I do think your gravel is a little big. If you keep the gravel you need to use root tabs. It's what I just got rid of. I was never able to grow the fine rooted plants and tiny stems. I went to ADA Aquasoil. I had that gravel for decades so I felt I had waited long enough to get the best. I haven't used eco-complete but isn't it a similar cost of ADA AquaSoil? Why not go with the best?

If that is blyxa in your midground it won't do well in your gravel. I have had it for 3 months in my big peagravel. It wasn't able to root down. It just barely hung on. I was waiting to do my tank rescape. At same time I put 3 plants in my shrimp tank with ADA aquasoil. I just trimmed 6 4" plants off the original 3 and I still have 3 more I could trim off.

Your wysteria will get bushy, but what is so pretty about wysteria is the detail of the leaves. Behind your Augustfolia you can't see it. The Augustfolia doesn't have that pretty detail. You will always see the Augustfolia as it's big and lanky. Also the wyteria is a bright green color and usually light is in the front going to darker in the back - like natural shadowing. Course that doesn't mean you can't mix things up. Just a general thought.

The plants you ordered are really pretty. I think with those you will need to do CO2. They are high light plants and that will drive your plants fast and that means ferts and a carbon source (CO2 or excell). I dose EI and it works great. I like futzing with the tank so it works well for me.

Hope this helps. Just suggestions.....


----------



## icex (Feb 7, 2008)

Tex gal,

Thanks for the suggestions. I'll switch places with the Augustfolia and wysteria. As for the c02, I currently am doing 4 bottles of DIY c02. It's messy, but it works for now until I get a regulator. 

I want to get a canister filter this week, a Rena XP3. I found one online for $110 shipped, pretty good deal so I'm going to grab it. Next will be substrate. Were can I get ADA Aquasoil? I'll check into it.

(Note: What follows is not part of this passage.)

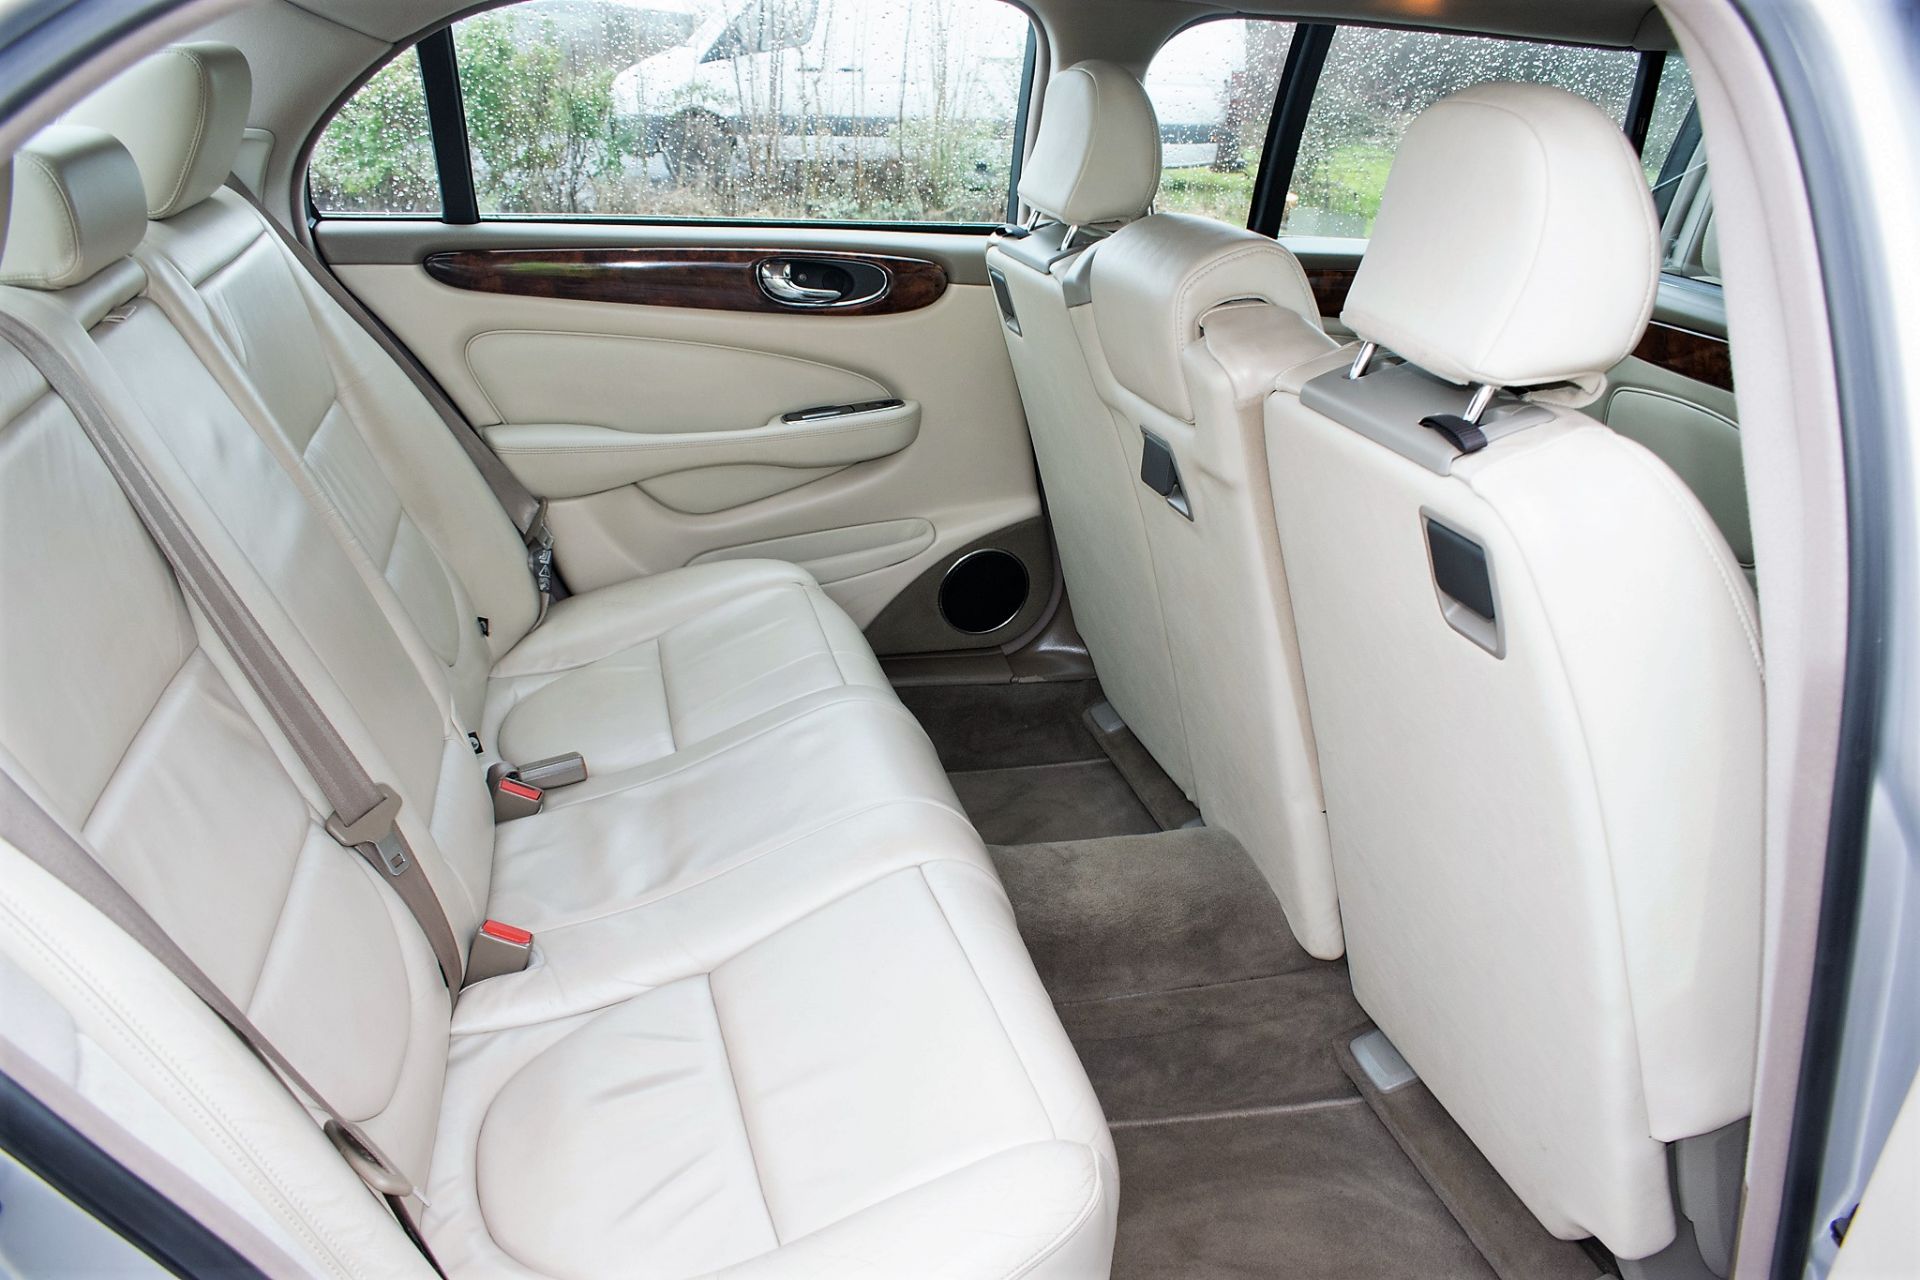 Jaguar XJ6 V6 automatic stretch Limousine Registration Number: BW54 YNM (Registration Number - Image 11 of 20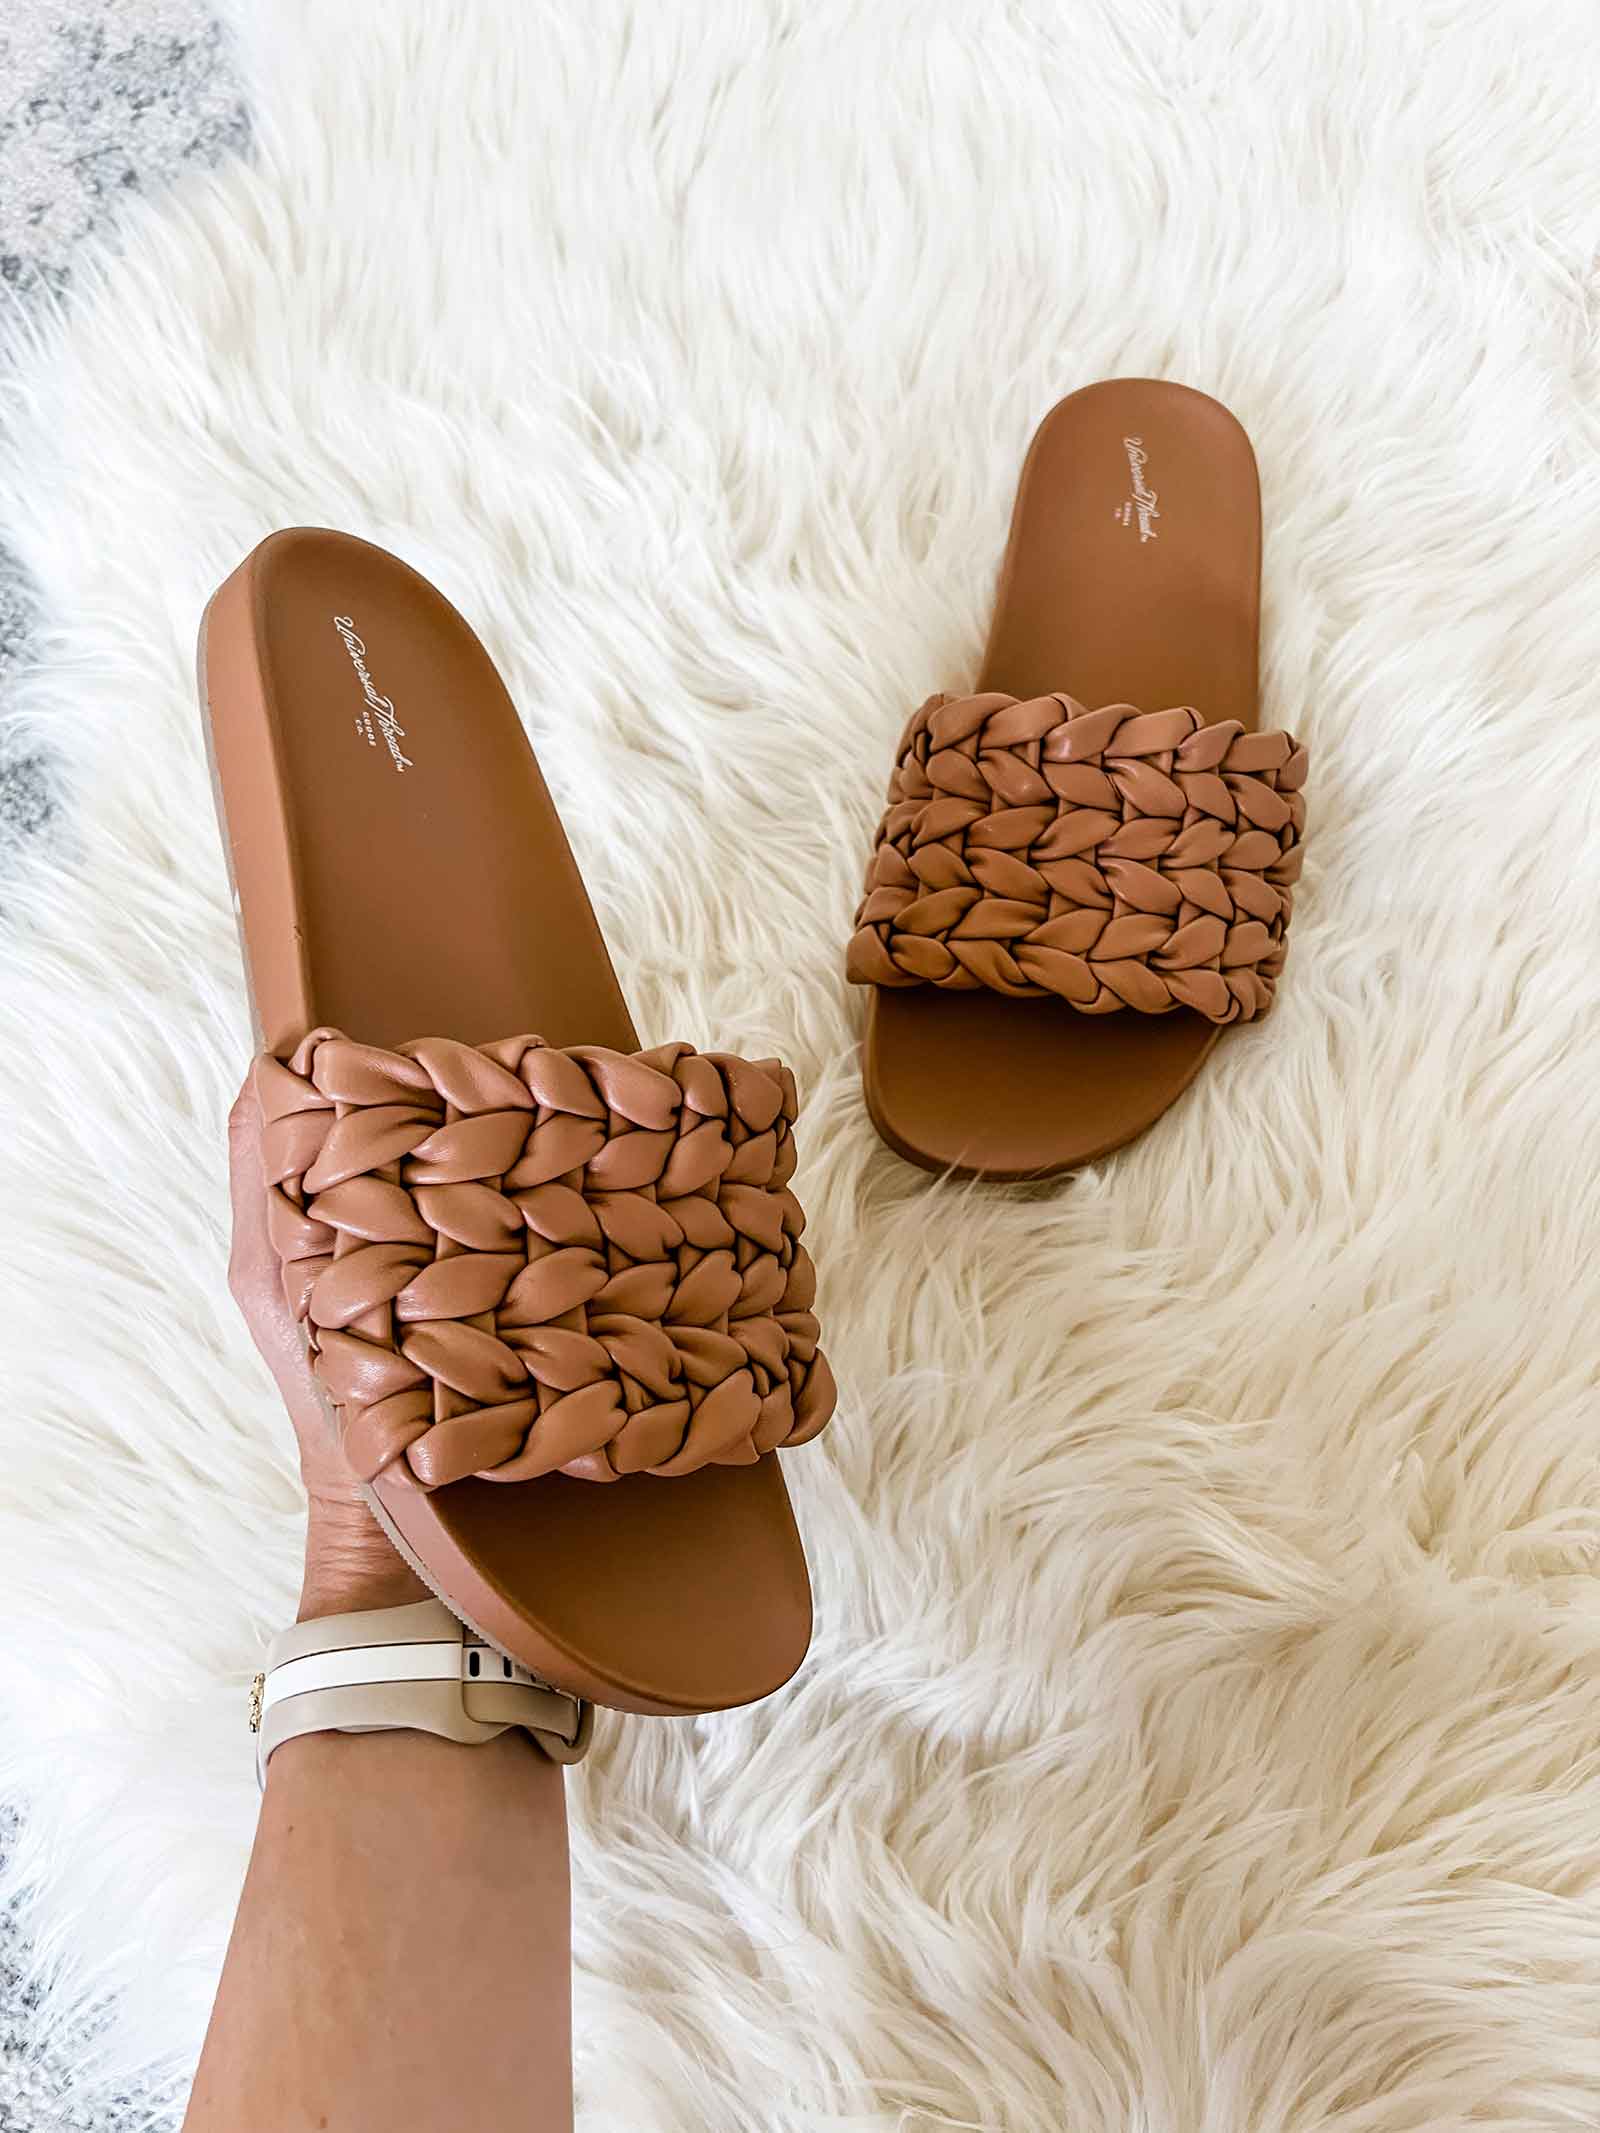 Target designer inspired sandals

Oh, and I have fertalizers on the way. Rex Griggs combo pack for $20 shipped. It will be here tommorow and I will start dosing fertalizers when I get home from school tommorow.


----------



## russel p (Feb 9, 2008)

One thing I see that might be an issue are the figure-8 puffers. They are technically a brackish fish and do much better with some salt in the water. This, of course, is not going to make your plants, tetras, or clown loaches happy. Also, I've kept some clown loaches that got quite large and disruptive. They dig a bit, but fortunately, are fairly slow-growing. Just something to keep an eye on down the road. 
I think your tank looks very nice.


----------



## Tex Gal (Nov 1, 2007)

I got my ADA Aqua Soil from here.

http://www.adgshop.com/Substrate_System_s/1.htm


----------



## ewitsshawn (Jan 30, 2008)

Nice


----------